Diyarbakır’da 19 gündür kayıp olan ve cansız bedeni bulunan Narin Güran’ın hunharca öldürülmesinin ardından, Çanakkale'de kadınlar sokağa çıkarak bu korkunç cinayeti protesto etti. İskele Meydanı’nda toplanan Çanakkale Kadın Platformu ve 8 Mart Kadın Platformu bileşenleri, basın açıklaması yaparak kadına ve çocuğa yönelik artan şiddete tepki gösterdi.

 “Acımız Büyük, Ancak Öfkemiz Daha Büyük”

Çanakkale Kadın Platformu adına konuşan Avukat Burcu Özaydın, Narin Güran’ın ölümünün tüm toplumda derin bir üzüntüye yol açtığını belirtti. Özaydın, “Acımasızca yaşamdan koparılan Narin'in katledilmesi karşısında acımız büyük, çok üzgünüz. Ancak öfkemiz daha büyük,” dedi. Narin’in cansız bedeninin, Diyarbakır’ın Tavşantepe Mahallesi’nde, kaybolduğu evine sadece 3 kilometre uzaklıkta bir dere yatağında, taş ve dallarla gizlenmiş halde bulunduğunu belirten Özaydın, “Bu katliam karşısında sadece üzülmek değil, büyük bir öfke duyuyoruz,” ifadelerini kullandı.

 

"Artan Çocuk Cinayetleri Vicdanlarda Derin Yaralar Açıyor"
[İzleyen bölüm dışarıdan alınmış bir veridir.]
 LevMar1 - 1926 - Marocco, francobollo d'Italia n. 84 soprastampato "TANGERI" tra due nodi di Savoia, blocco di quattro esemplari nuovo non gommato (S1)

Avukat Özaydın, yaptığı açıklamada, son yıllarda çocuklara yönelik cinayet ve istismar olaylarının artmasına dikkat çekti. “Son yıllarda artan çocuk cinayetleri ve istismarlar hepimizin vicdanında derin yaralar açmaktadır. Devletin ve toplumun temel görevi, çocukların sağlıklı ve sevgi dolu bir ortamda büyümesini sağlamak, onları şiddetten ve istismardan korumaktır,” dedi.

Özaydın, Türkiye'de kadın ve çocukların korunması konusunda etkin önleyici mekanizmaların yetersiz olduğunu, iktidarın kadın ve çocuk haklarını ihmal eden politikaları yüzünden bu tür şiddet vakalarının arttığını belirtti. "Kutsal aile söylemiyle kadınların ve çocukların temel hakları dahi korunmamakta, şiddetin ve katliamların önü açılmaktadır," diyerek, özellikle aile içinde yaşanan şiddetin ve eril devlet yapısının bu sorunları daha da derinleştirdiğini vurguladı.

 

İstanbul Sözleşmesi'nden Çekilme Eleştirildi

Avukat Burcu Özaydın, İstanbul Sözleşmesi'nden çekilme kararını da eleştirdi. Sözleşmenin çocuklar ve kadınları şiddetten korumak için önemli bir mekanizma sunduğunu belirtti. “Toplumun tüm protestolarına rağmen İstanbul Sözleşmesi’nden çekilme kararı uygulandı. Bu karar, çocuklarımızı tarikat ve cemaatlerin eline teslim eden karanlık politikaların bir parçası,” dedi.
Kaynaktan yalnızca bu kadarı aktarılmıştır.